OpenG2G provides three IEEE test systems that represent different disturbance sources:
- IEEE 13-bus: DC-internal load changes — training task overlay (t=1000–2000s) and inference server ramp-down (t=2500–3000s) create large power swings within the datacenter itself.
- IEEE 34-bus: External load changes — time-varying loads and PV solar injection at various buses cause voltage fluctuations independent of the datacenter.
- IEEE 123-bus: Both internal and external — per-site inference ramps, PV systems, and time-varying loads all interact simultaneously across four datacenter zones.
Scripts¶
| Script | Purpose |
|---|---|
run_baseline.py |
Run without batch-size control (fixed batch sizes) |
run_ofo.py |
Run with OFO batch-size control |
Usage¶
IEEE 13-Bus: Internal Load Changes¶
The IEEE 13 config includes a training overlay (2400 GPUs, t=1000–2000s) and an inference ramp-down to 20% (t=2500–3000s), creating two distinct voltage stress periods within the datacenter.
# Baseline (no batch control, no tap changes)
python examples/offline/run_baseline.py --system ieee13
# OFO batch-size control
python examples/offline/run_ofo.py --system ieee13
IEEE 34-Bus: External Load Changes¶
The IEEE 34 config has PV systems at buses 830 and 848 and time-varying loads at five buses. The datacenter load is steady (no ramps), so all voltage disturbances come from external sources.
python examples/offline/run_baseline.py --system ieee34
python examples/offline/run_ofo.py --system ieee34
IEEE 123-Bus: Internal + External¶
The IEEE 123 config combines per-site inference ramps (four datacenters with different ramp schedules), three PV systems, and time-varying loads — representing the most realistic scenario.
python examples/offline/run_baseline.py --system ieee123
python examples/offline/run_ofo.py --system ieee123
Key Results¶
Compare the voltage statistics between baseline and OFO runs:
- Violation time (seconds): How long voltages exceed [v_min, v_max] bounds
- Integral violation (pu-s): Severity-weighted violation (larger = worse)
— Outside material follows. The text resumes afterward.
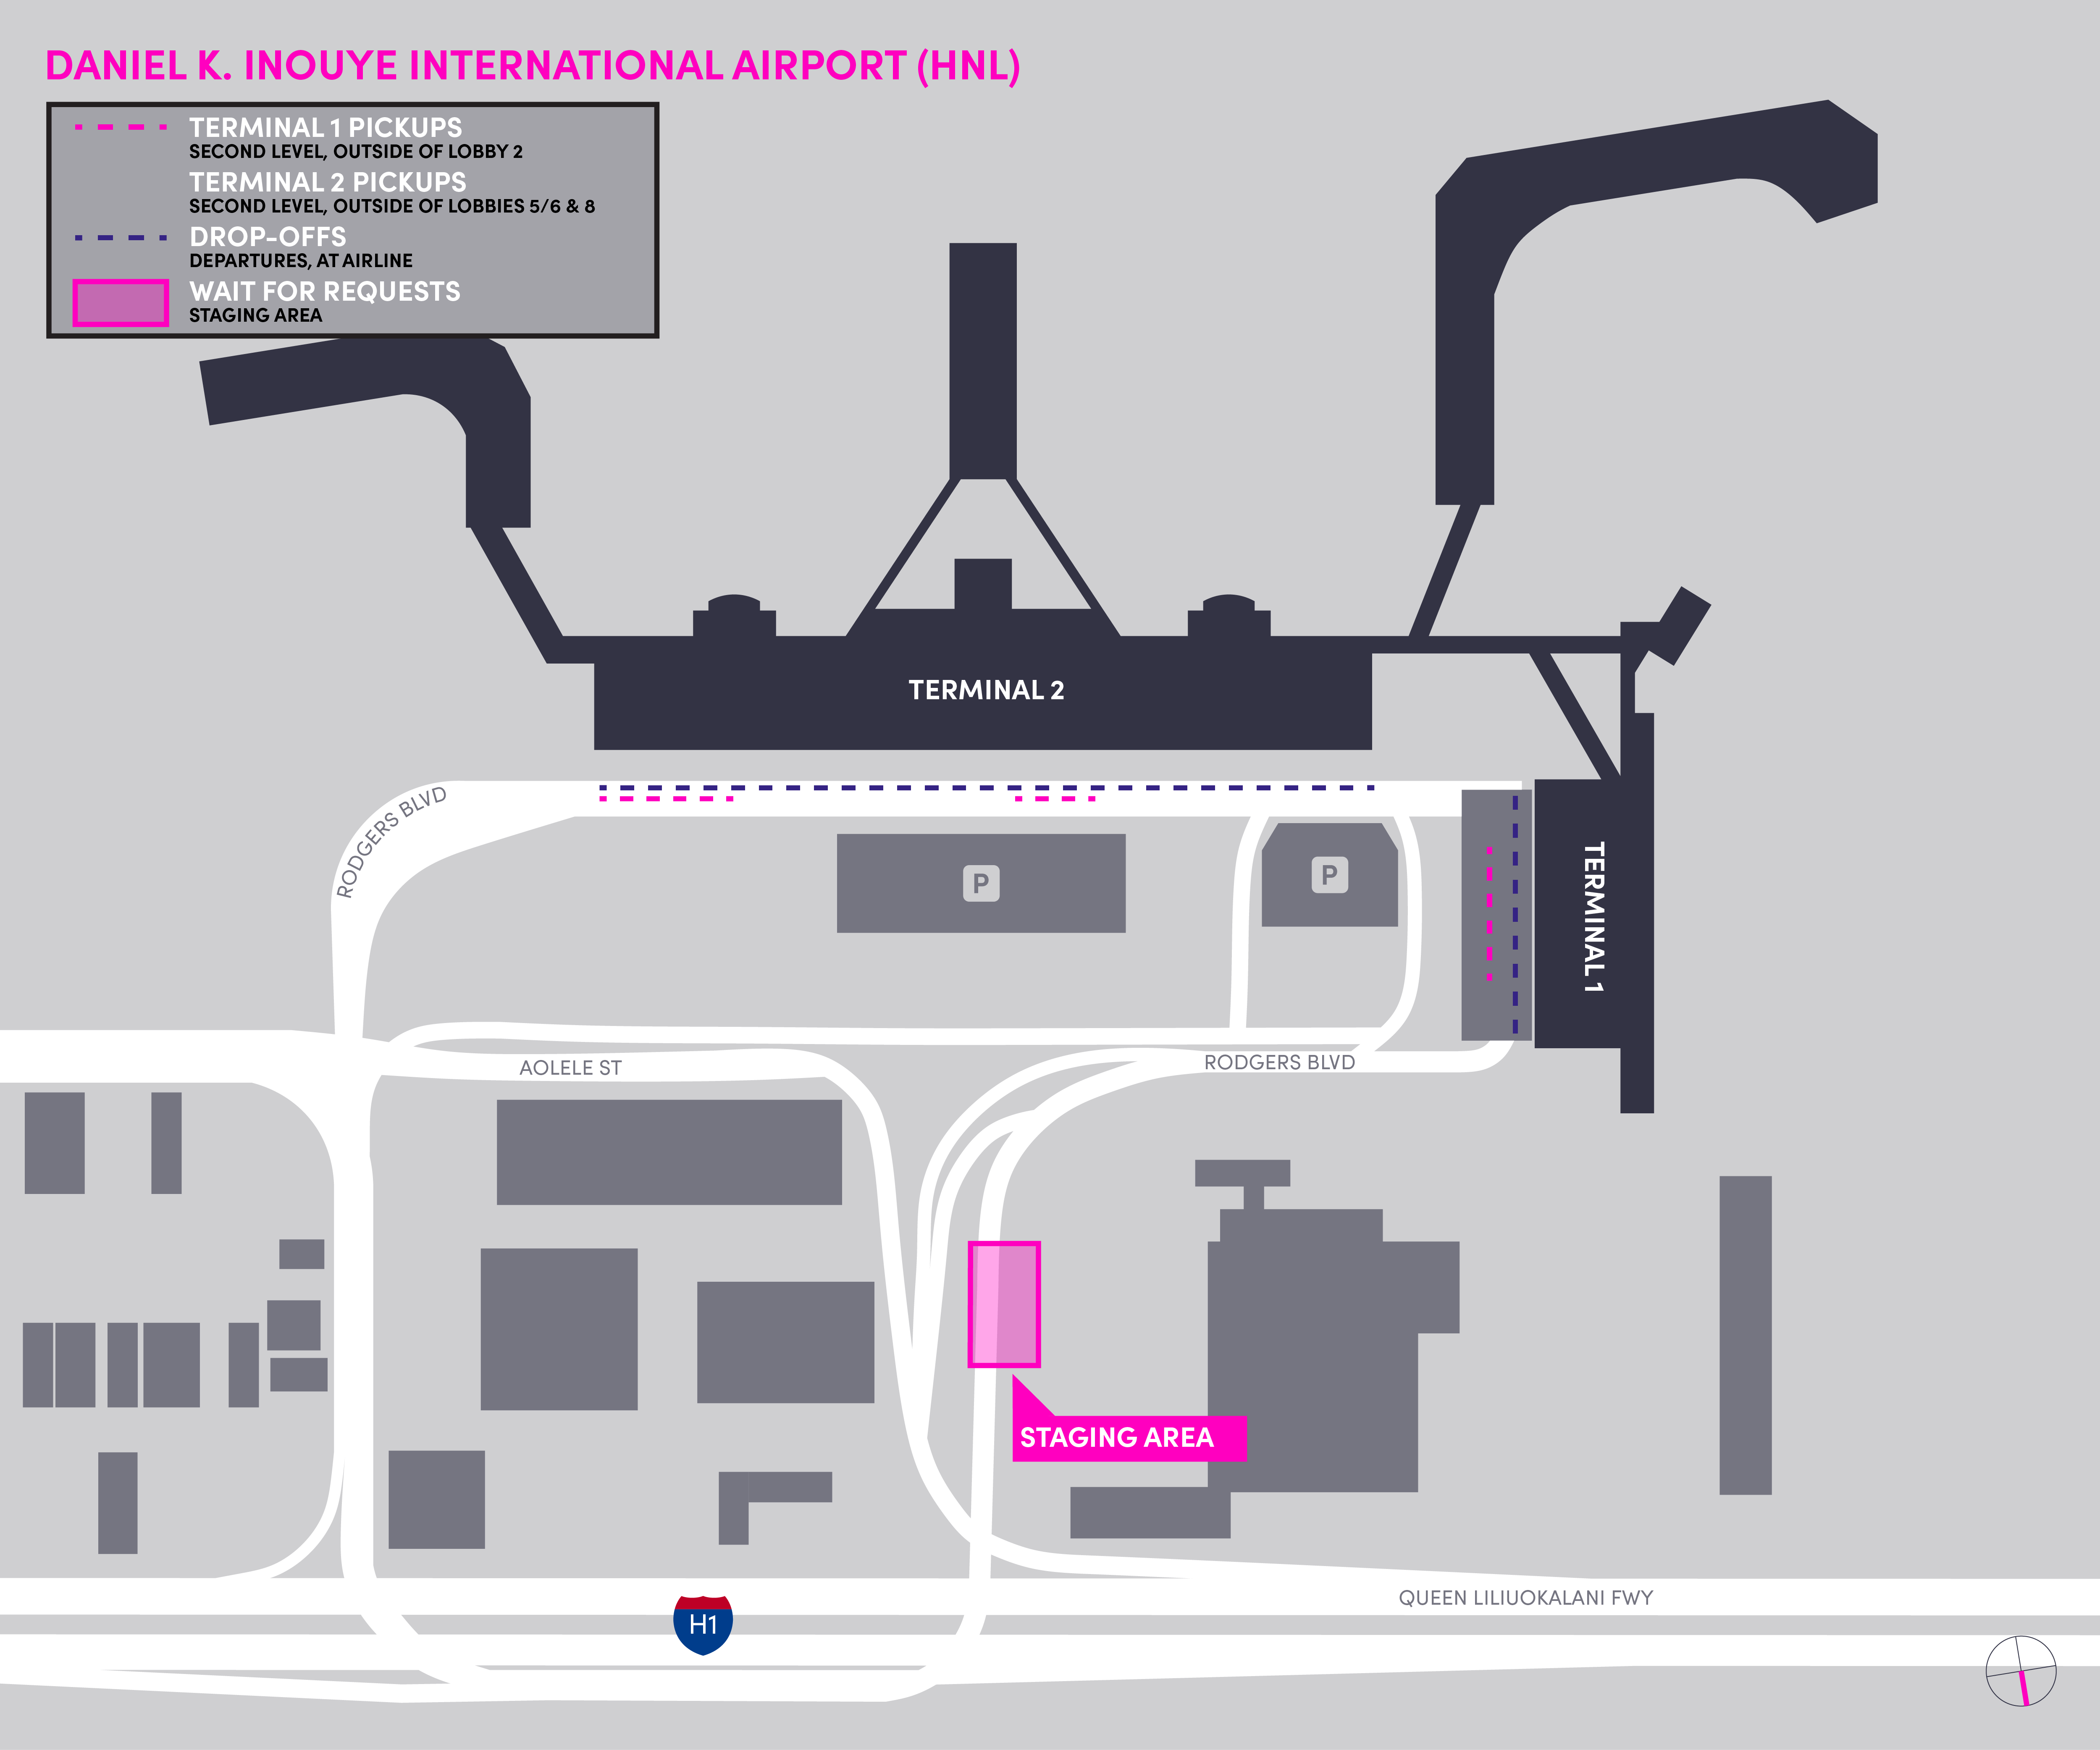 Plan de la zone d'attente de l'aéroport international Daniel K. Inouye

- Worst Vmin/Vmax: Peak voltage excursion
OFO is most effective against slow, predictable disturbances (training ramps, inference scaling) where the primal-dual optimization has time to converge. Fast external disturbances (sudden PV cloud events) are harder to mitigate purely through batch-size control.
Configuration¶
Key config fields for this analysis:
dc_sites[].inference_ramps: Per-site server activation schedules (internal disturbance)training: Training workload overlay withdc_site,n_gpus,t_start/t_end(internal disturbance)pv_systems: Solar PV injections (external disturbance)time_varying_loads: Additional loads at arbitrary buses (external disturbance)ofo: OFO controller parameters (see Controller Parameter Sensitivity)
See Building Simulators and examples/offline/systems.py for configuration details.